ZHA Architects
- Type: Employee Benefit Trust (EBT)
- Industry: Architecture Construction
- Founded: 1979; 47 years ago
- Headquarters: London, United Kingdom
- Key people: Zaha Hadid; Patrik Schumacher;
- Number of employees: 500^{[when?]}
- Website: zha.com

= ZHA Architects =

British architecture and design firm

ZHA, officially ZHA Architects, and formerly Zaha Hadid Architects, is a British architecture and design firm founded by architect Zaha Hadid (1950–2016), with its main office in Clerkenwell, London.

==History==
After the death of "starchitect" Hadid, Patrik Schumacher became head of the firm, which continued to trade under Hadid's name under a licensing agreement which involved paying a portion of turnover to the Zaha Hadid Foundation. At the time the company had a staff of 400, with 36 projects across 21 countries. The licensing agreement cost the firm £21.4m between 2018 and 2024, and it became embroiled in a court battle to terminate the agreement.

In the early 2020s, the firm designed a virtual city, Liberland Metaverse, based on the Liberland micronation and hosted on the Metaverse platform. The firm had in the 2020s turned to artificial intelligence to help in the design of workplaces; the firm created a dedicated internal unit called ZHAI (Zaha Hadid Analytics + Insights) to address AI utilization, something uncommon among peer firms.

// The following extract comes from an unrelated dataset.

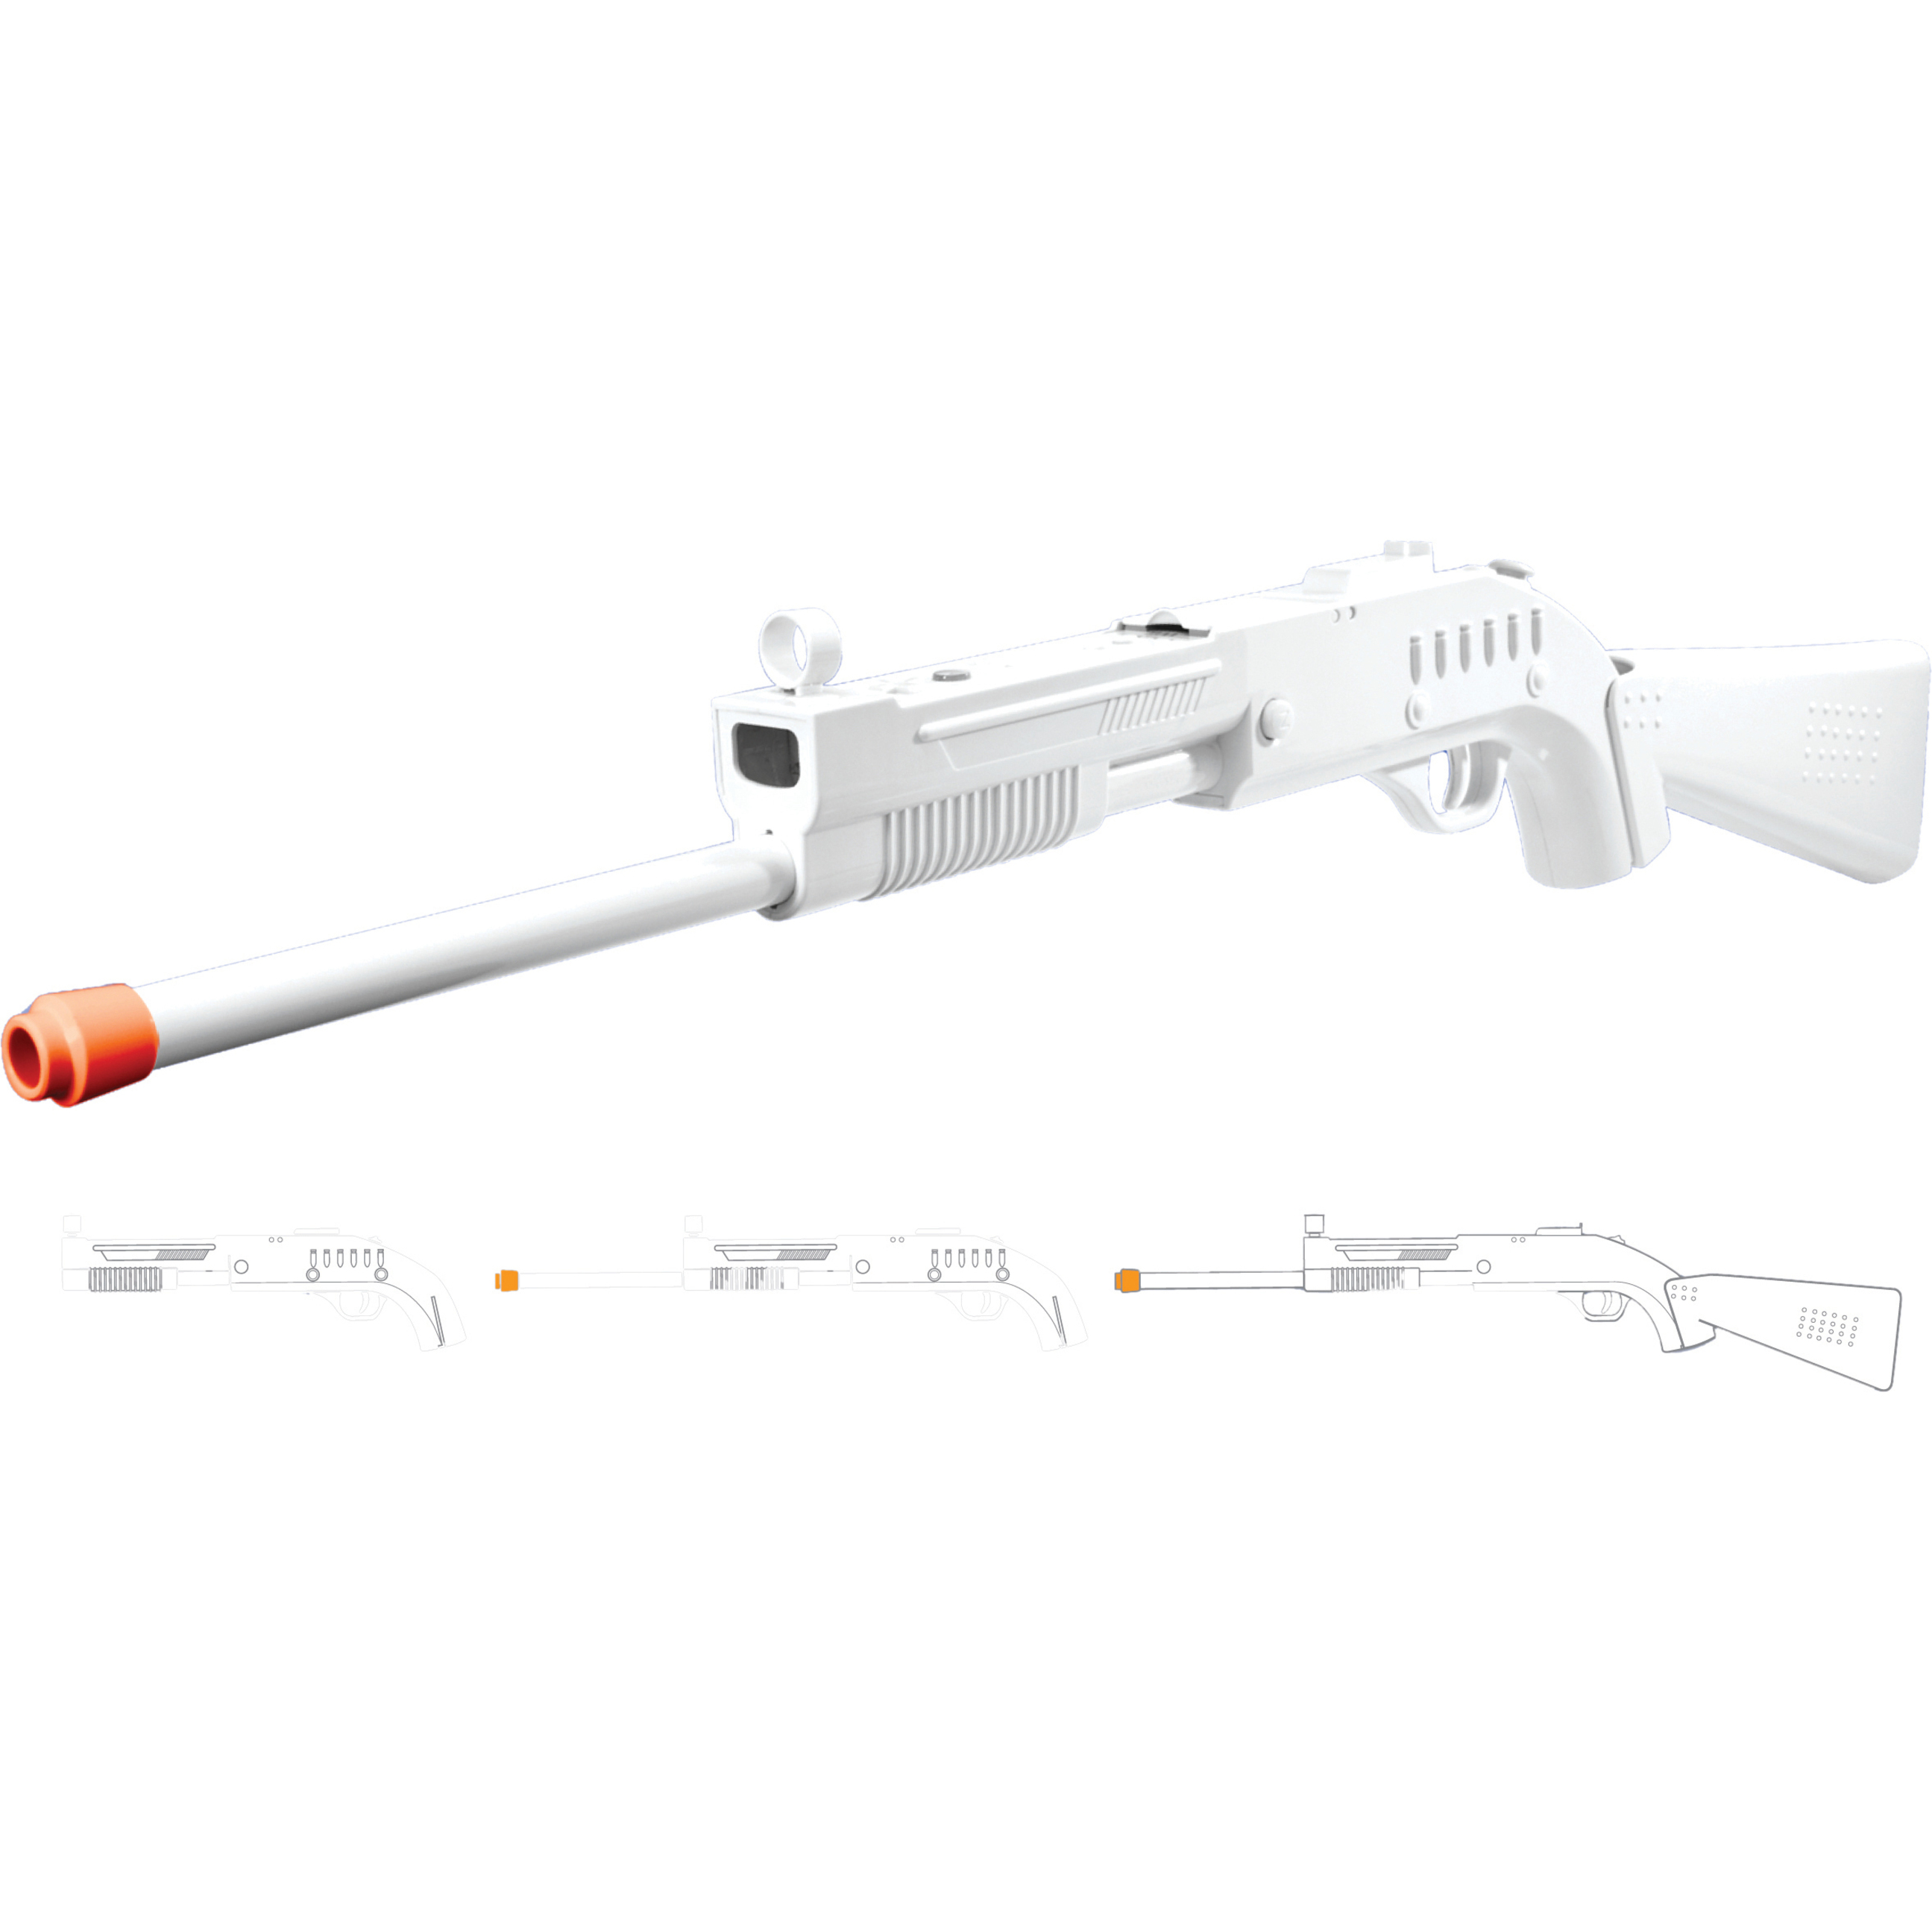 CTA Digital Sure Shot Rifle for Wii - image 3 of 3
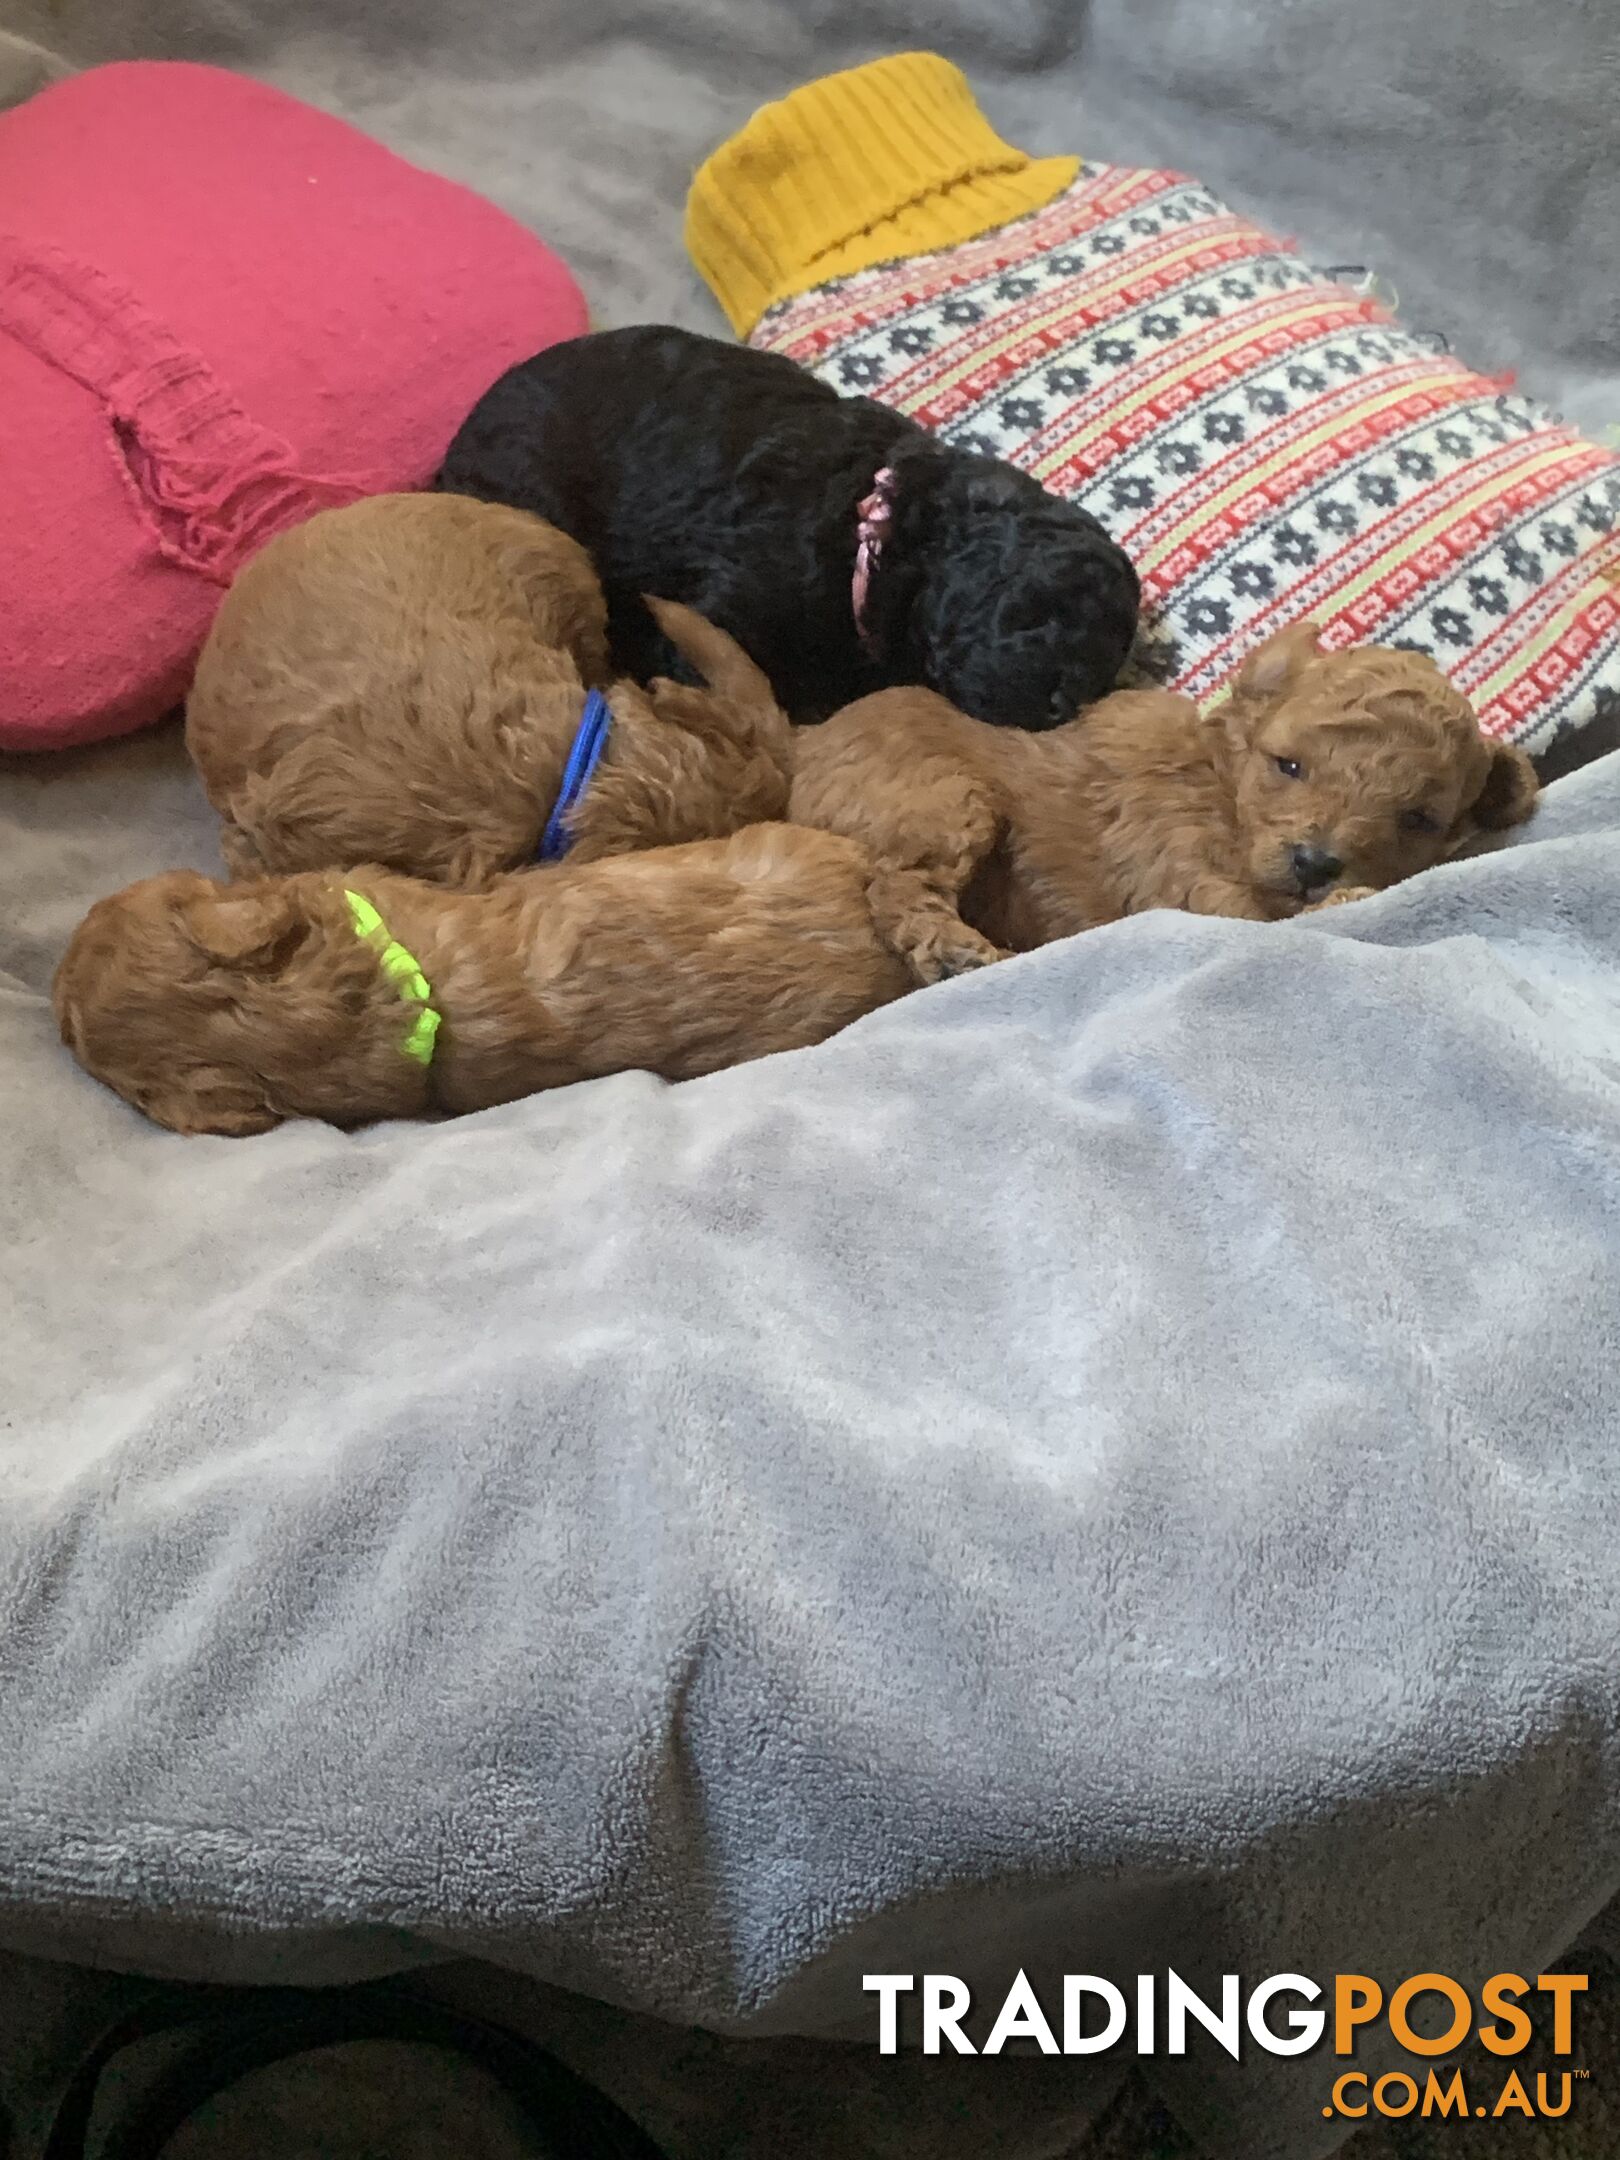 Toy Poodle - Red, male puppies

In June 2026, the licensing agreement relating to the firm's continued use of Hadid's name was ended following a court ruling, and the firm rebranded as ZHA (company registered as ZHA Architects Ltd). It employs around 500 staff worldwide.

== Awards ==
=== 2022 ===
==== World Architecture Awards ====
Source:
- Realised Award Winning Architecture Projects: BEEAH Headquarters (United Arab Emirates)
- Designed Award Winning Architecture Projects: International Convention Centre and Theaters (French Polynesia)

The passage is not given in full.